Note:The MPs queue must be registered in the project before it can be used. Add the following in settings. py:

ITEM_PIPELINES = {'tuchong. pipelines. TuchongPipeline ': 300, # MPs queue name: Running priority (small number priority )}

In addition, most websites have anti-crawler Robots.txt exclusion protocols. Setting ROBOTSTXT_OBEY = True can ignore these Protocols. Yes, it seems to be just a gentleman agreement. If the website is configured with a browser User Agent or IP address detection for anti-crawler, a more advanced Scrapy function is required, which is not described in this article.

Iv. Run

Return to the cmder command line to enter the project directory and enter the command:

scrapy crawl photo

The crawler outputs all crawling results and debugging information, and lists the statistics of crawler running at the end, for example:

[scrapy.statscollectors] INFO: Dumping Scrapy stats:{'downloader/request_bytes': 491, 'downloader/request_count': 2, 'downloader/request_method_count/GET': 2, 'downloader/response_bytes': 10224, 'downloader/response_count': 2, 'downloader/response_status_count/200': 2, 'finish_reason': 'finished', 'finish_time': datetime.datetime(2017, 11, 27, 7, 20, 24, 414201), 'item_dropped_count': 5, 'item_dropped_reasons_count/DropItem': 5, 'item_scraped_count': 15, 'log_count/DEBUG': 18, 'log_count/INFO': 8, 'log_count/WARNING': 5, 'response_received_count': 2, 'scheduler/dequeued': 1, 'scheduler/dequeued/memory': 1, 'scheduler/enqueued': 1, 'scheduler/enqueued/memory': 1, 'start_time': datetime.datetime(2017, 11, 27, 7, 20, 23, 867300)}

We mainly focus on ERROR and WARNING. Here, Warning is actually a DropItem exception triggered because it does not meet the conditions.

5. Save the result

In most cases, you need to save the captured results. By default, item. the properties defined in py can be saved to the file. You only need to add the-o {filename} parameter to the command line:

Scrapy crawl photo-o output. json # The output is a JSON file scrapy crawl photo-o output.csv # The output is a CSV file.

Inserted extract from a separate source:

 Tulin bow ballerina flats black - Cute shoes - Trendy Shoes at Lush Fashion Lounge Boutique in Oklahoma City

Note:The items output to the file are those that have not been filtered by TuchongPipeline. As long as the items returned by the parse function are all output, you can also filter the items in the parse function and only return the expected items.
To save the data to the database, you need to add additional code. For example, you can add the following code after process_item in pipelines. py:

... Def process_item (self, item, spider ):... else: print (item ['url']) self. myblog. add_post (item) # myblog is a database class used to process database operations return item...

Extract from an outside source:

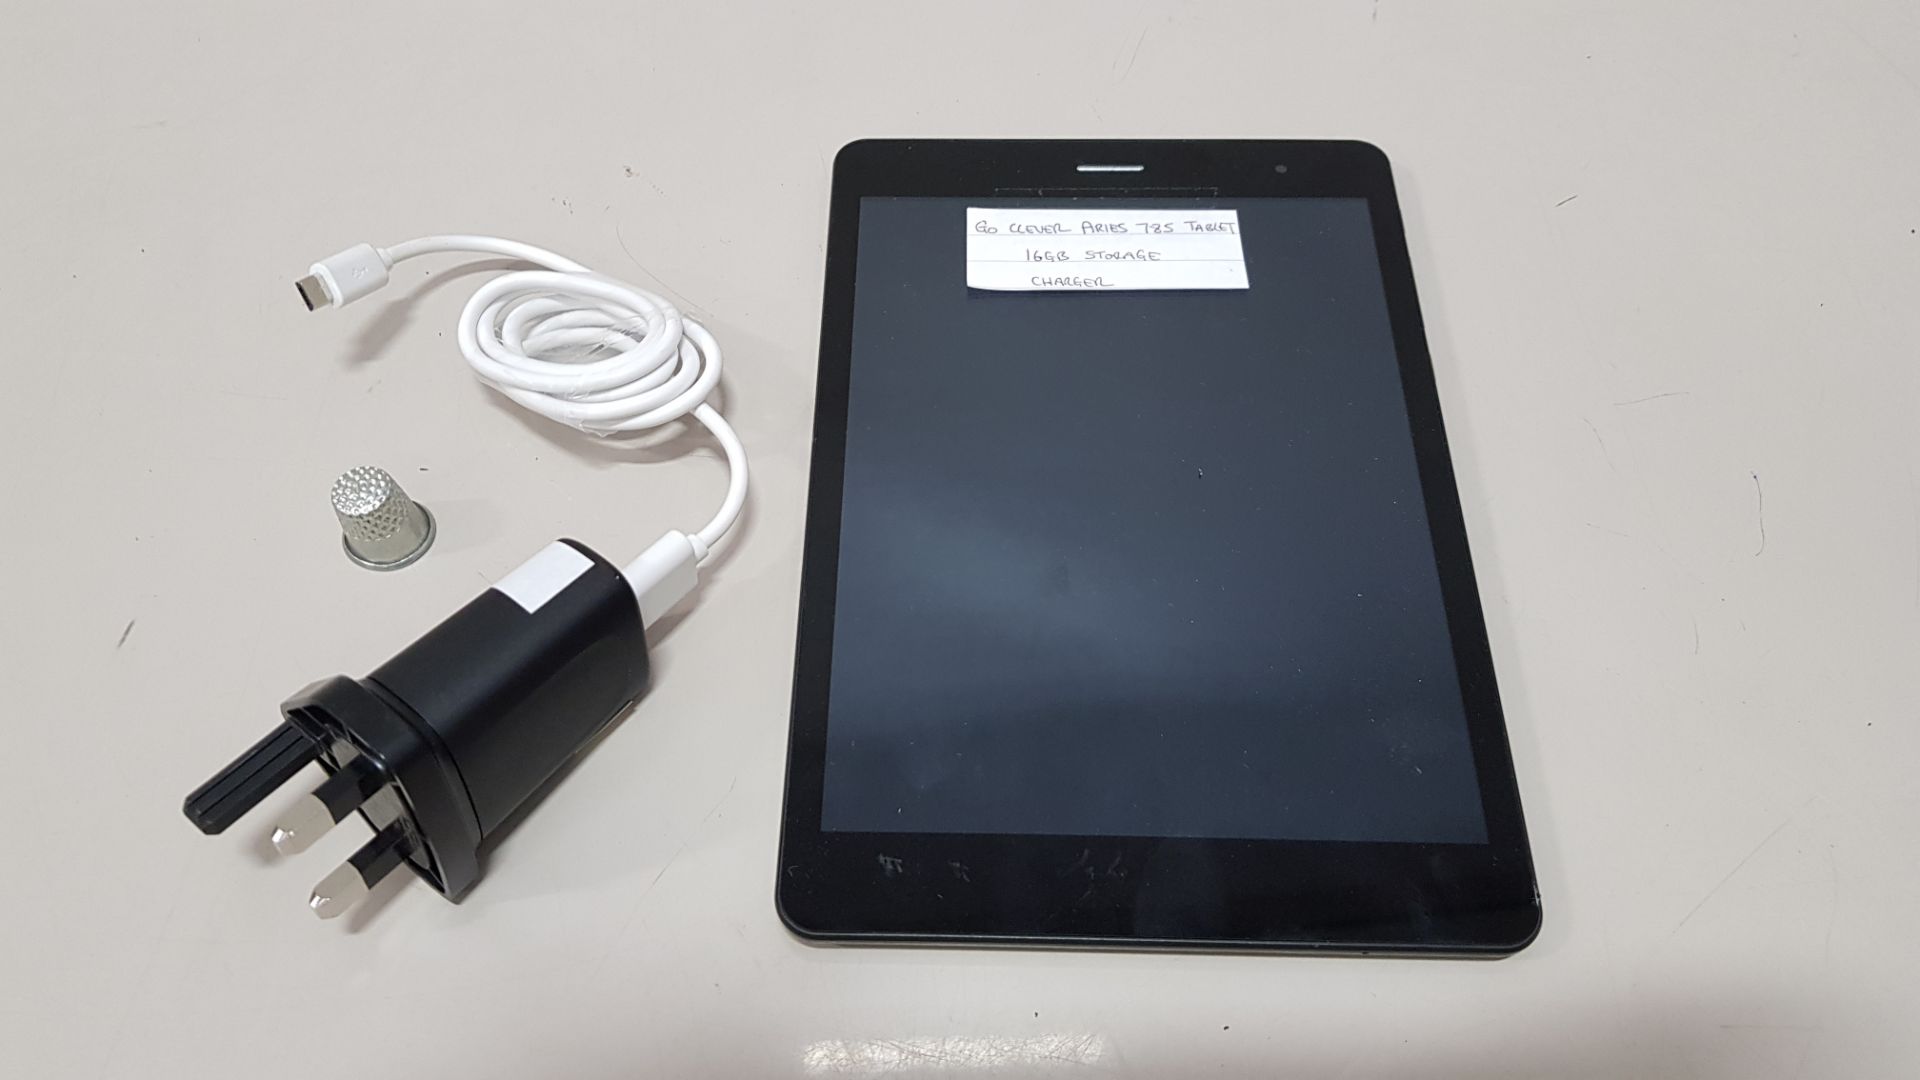 GO ARIES 785 TABLET 16GB STORAGE - WITH CHARGER

To exclude duplicate content in the insert database operation, you can use item ['Post _ id'] for determination. If so, skip this step.
The captured content in this project only involves text and image links, and does not download image files. To download images, you can use either of the following methods:

Install the Requests module, download the image content in the process_item function, and replace it with the local image path when saving the database.
Use the ImagePipelines pipeline to download images.

Summary

The above is all the content of this article. I hope the content of this article has some reference and learning value for everyone's learning or work. If you have any questions, please leave a message to us, thank you for your support.

Related Article

Contact Us

The content source of this page is from Internet, which doesn't represent Alibaba Cloud's opinion; products and services mentioned on that page don't have any relationship with Alibaba Cloud. If the content of the page makes you feel confusing, please write us an email, we will handle the problem within 5 days after receiving your email.

If you find any instances of plagiarism from the community, please send an email to: info-contact@alibabacloud.com and provide relevant evidence. A staff member will contact you within 5 working days.

A Free Trial That Lets You Build Big!

Start building with 50+ products and up to 12 months usage for Elastic Compute Service

  • Sales Support

    1 on 1 presale consultation

  • After-Sales Support

    24/7 Technical Support 6 Free Tickets per Quarter Faster Response

  • Alibaba Cloud offers highly flexible support services tailored to meet your exact needs.